The Free Speech clause of the First Amendment states, in pertinent part, that “Congress shall make no law abridging the freedom of speech.”
It is important to note that the clause refers to the freedom of speech, not a freedom of speech. This is because under the Natural Law view of the drafters of the First Amendment, certain rights belonged to individuals and did not depend on government for their existence. Accordingly, upon the formation of the United States, the Founders wanted to make clear that while individuals ceded their natural rights to the Federal Government to rule over them, they did not cede away the Freedom of Speech.
Knowing this, the task of the U.S. Supreme Court (“SCOTUS”) has been to define the parameters of Free Speech. It has done exactly this over the course of many, many SCOTUS decisions. Below is a sampling of some of the more prominent types of speech which SCOTUS has found to be unprotected by the First Amendment.
Speech Which Incites Imminent Unlawful Conduct: under Brandenburg v. Ohio, speech which is (1) intended to persuade people to engage in (2) imminent unlawful conduct and is (3) likely to cause such imminent unlawful conduct is unprotected.
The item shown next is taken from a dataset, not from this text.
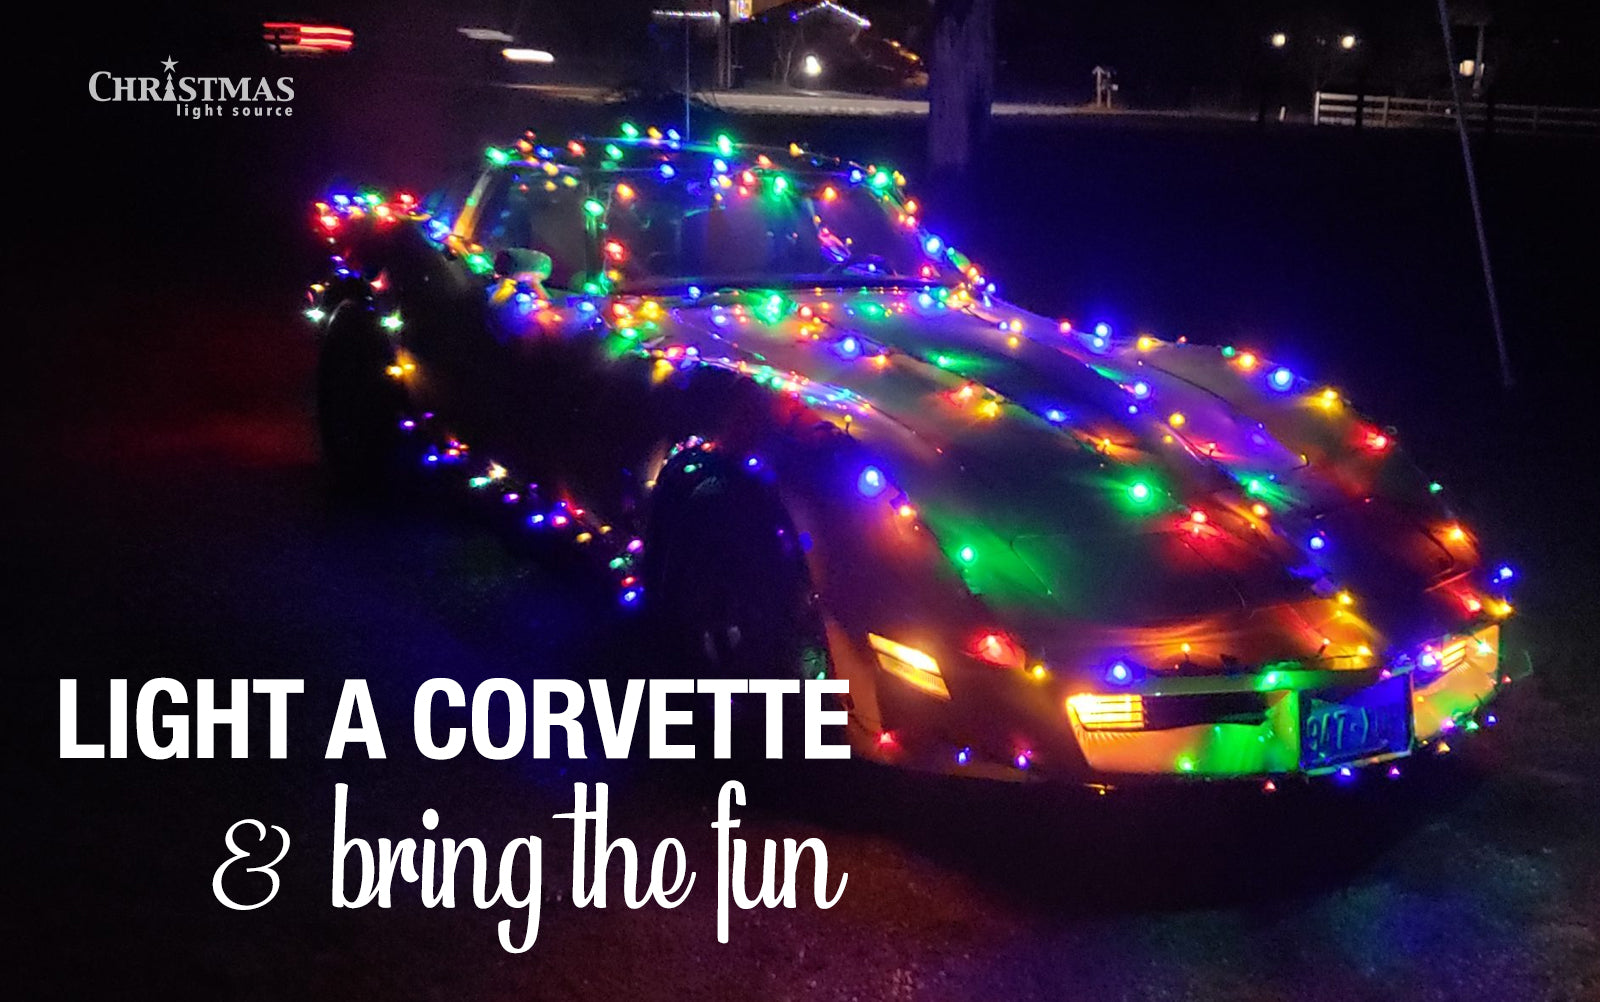 Our Lights in Action: Light a Corvette and bring the fun!

Fighting Words: pursuant to Chaplinsky v. New Hampshire, directed and abusive epithets — those which by their very utterance inflict injury injury or tend to incite an immediate breach of the peace — are unprotected.
Obscenity: speech is unprotected if (1) the average person, applying community standards, finds the work appeals to the prurient interest, (2) the work is patently offensive, and (3) a reasonable person, applying national standards, finds that the work lacks redeeming artistic, literary, political or scientific value.
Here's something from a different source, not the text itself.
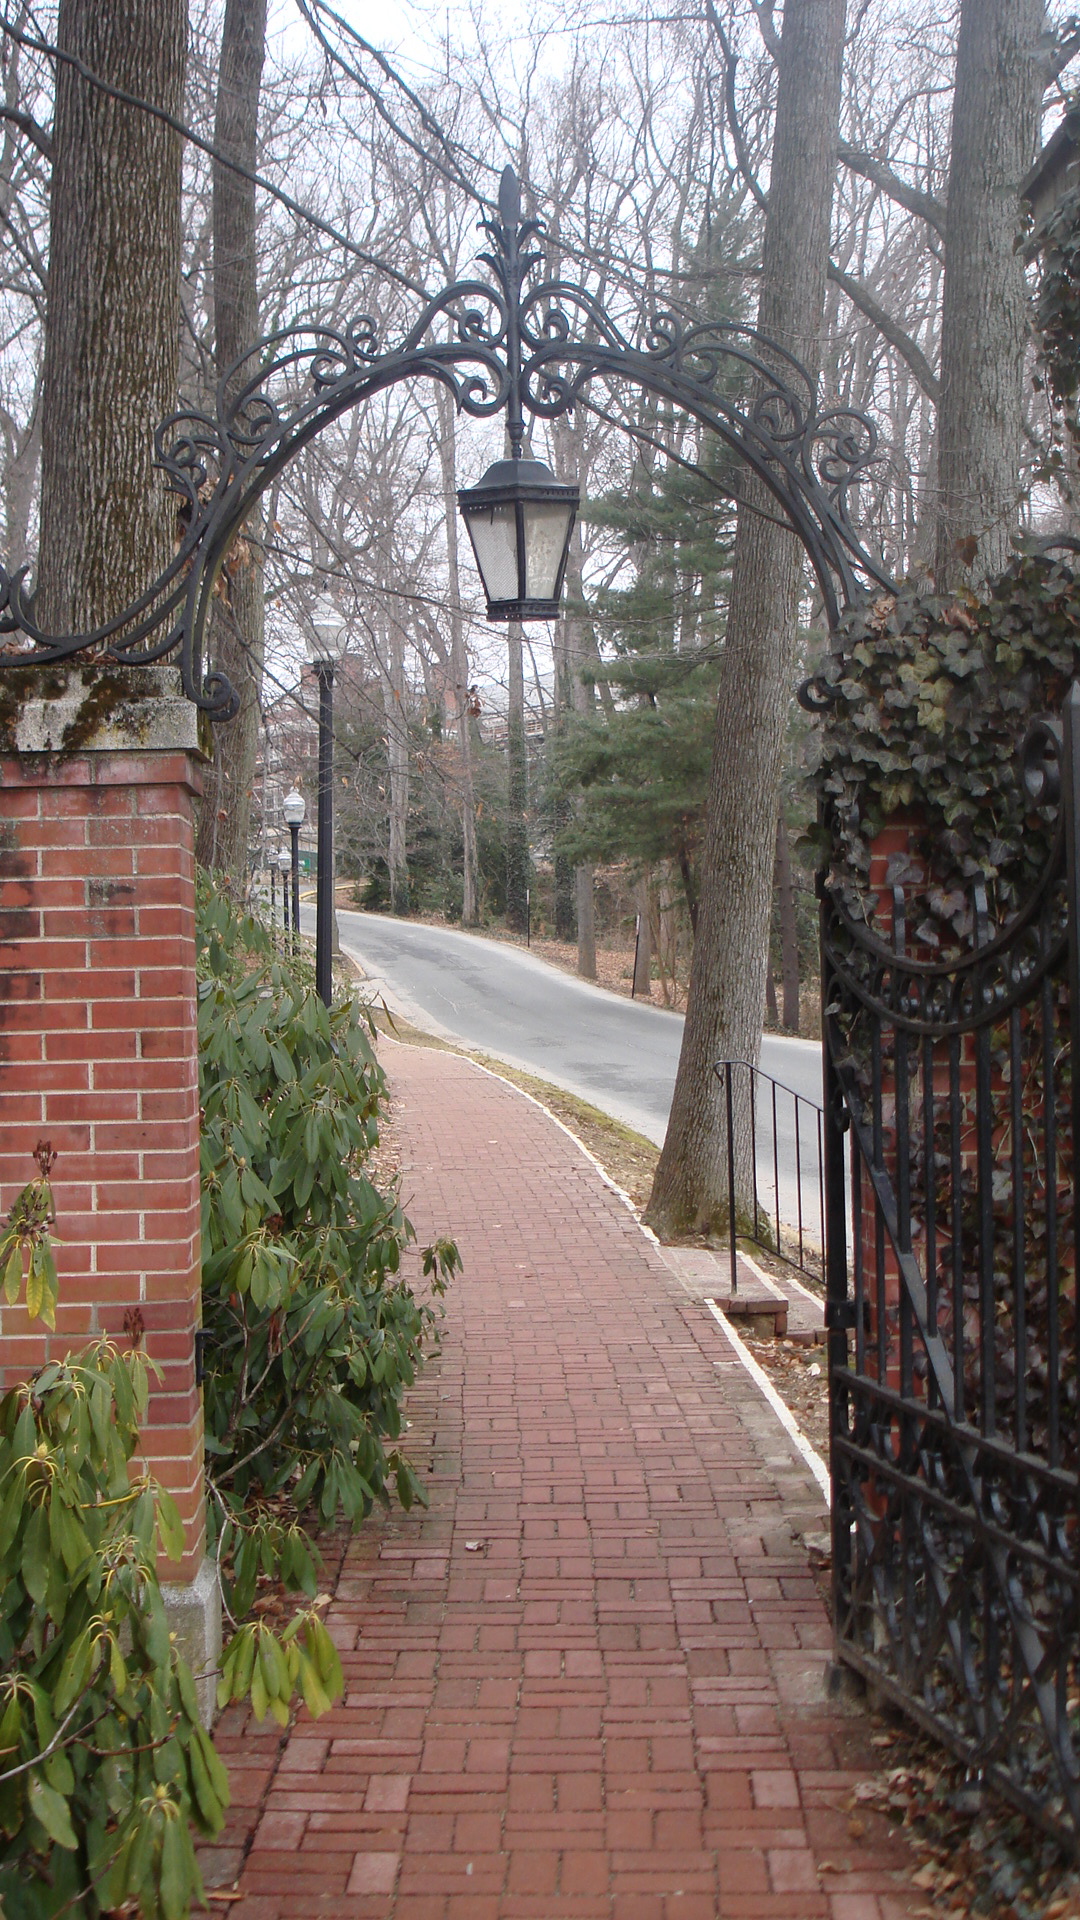 an arched iron gate leads into a path leading to a red brick path in the woods

Commercial Speech: speech which is misleading or false is generally unprotected; but, for paternalistic reasons, the government may regulate commercial speech if it has a substantial interest in the regulation (e.g., restricting alcohol ads in areas crowded with minors).
This is just a sampling of some of the exceptions to Free Speech; there are many more and they can often be very confusing. Many constitutional law professors have gone so far as labeling free speech jurisprudence as the tax code of the U.S. Constitution. Most maddening perhaps are the tiny nuances upon which a case can turn.For example, while words which incite imminent illegal activity are unprotected, SCOTUS has found that a KKK-esque burning of a cross on someone’s front yard can be protected. Yet — if such burning was done with an intent to intimidate — and it can be proven in court, then it is less protected.
In addition to such substantive nuances, procedurally governments can usually effectuate reasonable time, place and manner restrictions. Here’s a good example in my hometown of St. Louis:
The City of St. Louis is essentially arguing that these sign expressing discontent over eminent domain violates aesthetically conscious laws because it is too large. Meanwhile, the owner of this sign is saying that such a manner restriction is unreasonable in that it effectively negates the message of the speech.
Accordingly, this example brings us to one of the primary inquiries in free speech regulation: is the governmental regulation content based? A government cannot regulate speech because of the substance — the content — of which it communicates. However, it can regulate the manner it which it is communicated, so long as it is reasonable.
Because this is an enormous and vague area of the law, I’ll write about it more in the future.